The Crappys (or, to give them the glory of their full name, the Ludic
Syndicate's Golden Crap Shack Award for Moronic Food Product of the
Year) are an annualtradition around these parts, where I gather
all that is malformed, ill-conceived, foul-tasting, poorly thought out
and utterly misguided in the world of consumer comestibles. I
then select a few, choke them down with heart-damaging force of will,
and tell you, the reader, which one is worthy of the title of Worst
Thing I Have Eaten All Year.
In 2004, a new wrinkle in the process developed: for the first
time, I enlisted the aid of assistants, and used the miracle of
photography to illustrate the fact that, in many cases, this food
looked almost as bad as it tasted. This year was no
exception. Although (at the cost of great scorn from my
loudmouthed assistant) I forgot to take any pictures of the actual
process of consumption, I did get snaps of the food and of the people
who, sometimes reluctantly and sometimes far too enthusiastically,
helped me consume it. In addition, this year had a theme:
while 2004 featured the cruddiest foodstuffs Eastern Europe had to
offer, as purchased at Chicago's own Bobak's Grocery, 2005 would
feature hippie food: organic, natural, cruelty-free, no
additives, no preservatives, but still a lot of shitty taste.

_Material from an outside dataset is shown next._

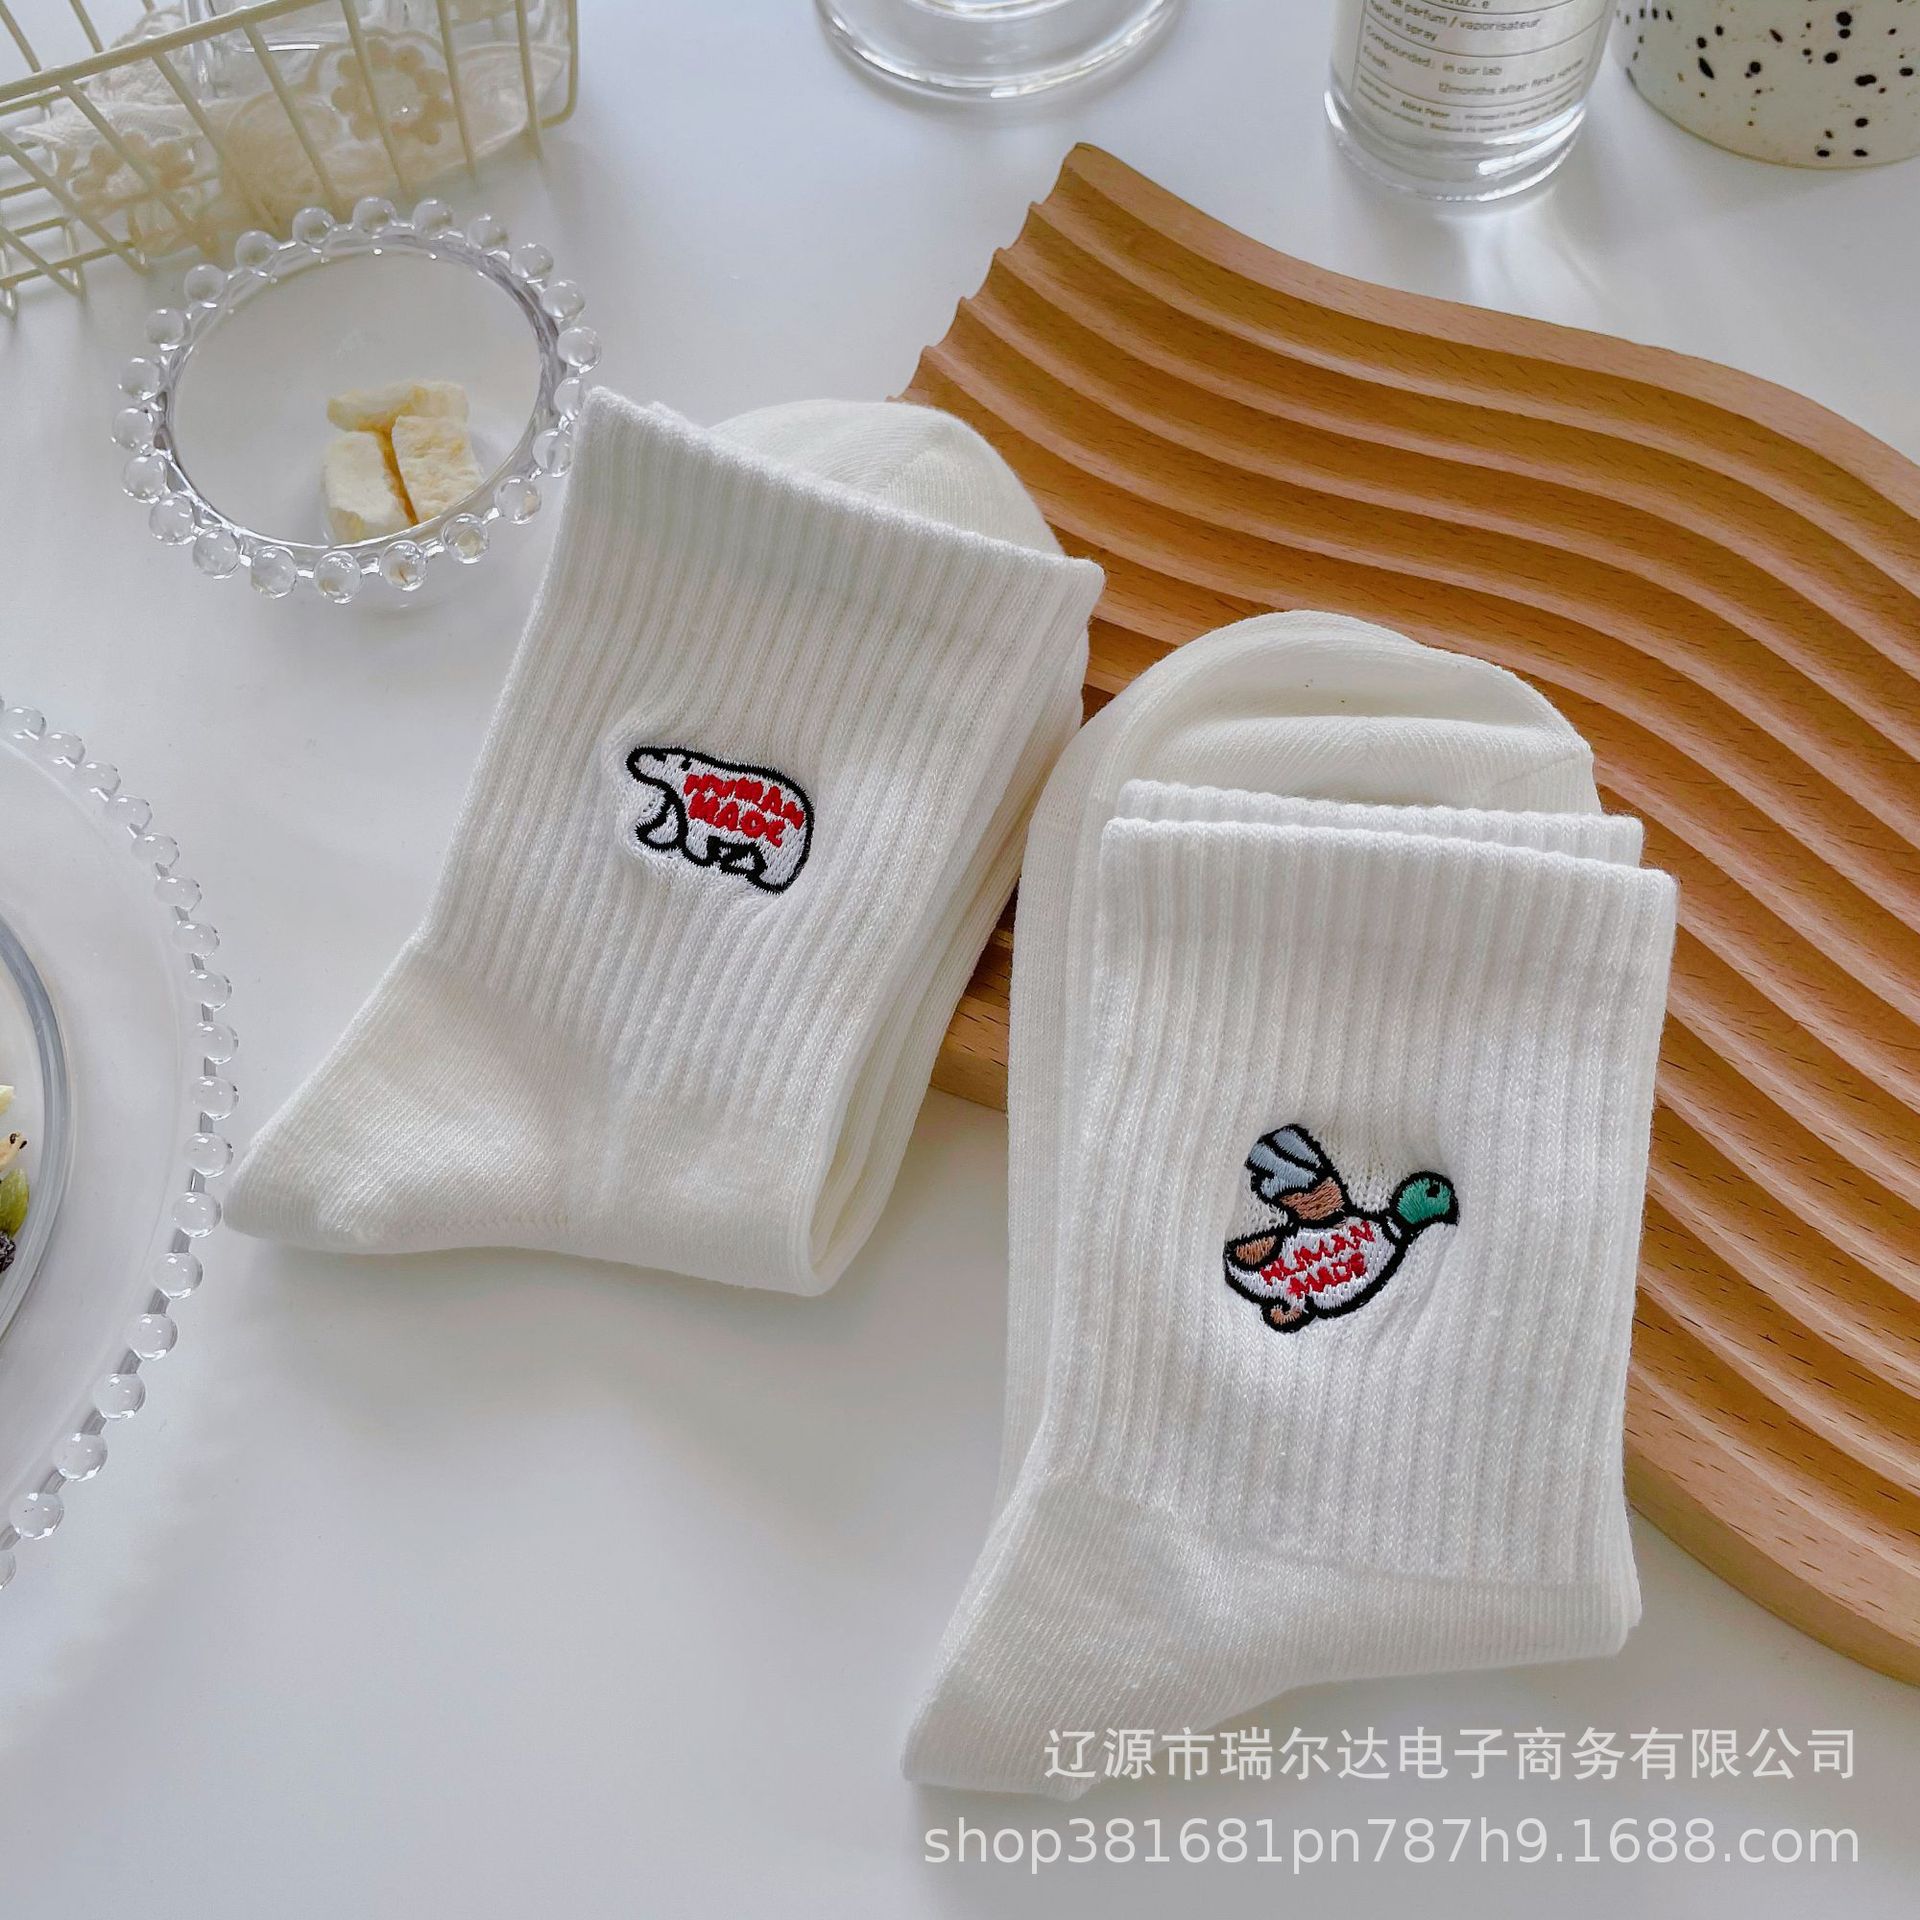 Female casual all-match sweet and fresh Japanese simple cartoon socks

Finally, we took the show on the road for the first time, as St. Paul,
MN hosted the Crappys and their local Whole Foods Market supplied the
test prodcut.
I was
ably aided by my game-for-anything girlfriend Shauna McKenna, who was
more than enthusiastic to aid me in this frightful and misguided
endeavor, and her daughter Annie, who being less than two years old,
may not have fully appreciated the theory behind these taste tests, but
had one thing going for her: she would eat pretty much anything.
The
foods were lined up on our official test surface, a plastic Clifford
The Big Red Dog table, and placed next to a talking Tickle Me Elmo doll
for size comparison. This had the further salutory benefit of
preventing the grating, ceaseless doll from talking during the duration
of the photograph session. We then proceeded to strap our young
taster to a chair (we weren't so lucky) and began the tasting.
First
off was Turtle Island's "Traditional Smokehouse Tofurky Jurky".
This horrible miscalculation is 100% vegan, 100% preservative-free and
100% inedible. Sliced into vague round shapes that are supposed
to approximate pepperoni but really look like spoiled liver, these
"jurky" clumps feature label art of a man on a bike gazing purposefully
at a far-off mountain in the naive belief that eating this awful crap
will get him any farther than the nearest stomach pump. The claim
that these are "traditional smokehouse style" is bad enough (I,
personally, have never seen a traditional smokehouse that contains
vital wheat gluten, tofu, or garbanzo beans), but those lying bastards
at Turtle Island have the nerve to actually claim, right there on the
front of the package, that their product is "delicious". Which,
there was a consensus among all taste-testers not in the habit of
eating things they find stuch to the bottom of their shoes, it is
not. Oddly enough, I happen to know from my days in the natural
foods racket that this is not the worst-tasting vegetarian jerky in existence; hard as it may be to
understand, there is at least one brand that is worse. But it was
the worst-tasting vegetarian jerky available,
and that's enough.
Next up
was BioChem's "Ultimate LoCarb Bar, Cool Cappuccino Flavor".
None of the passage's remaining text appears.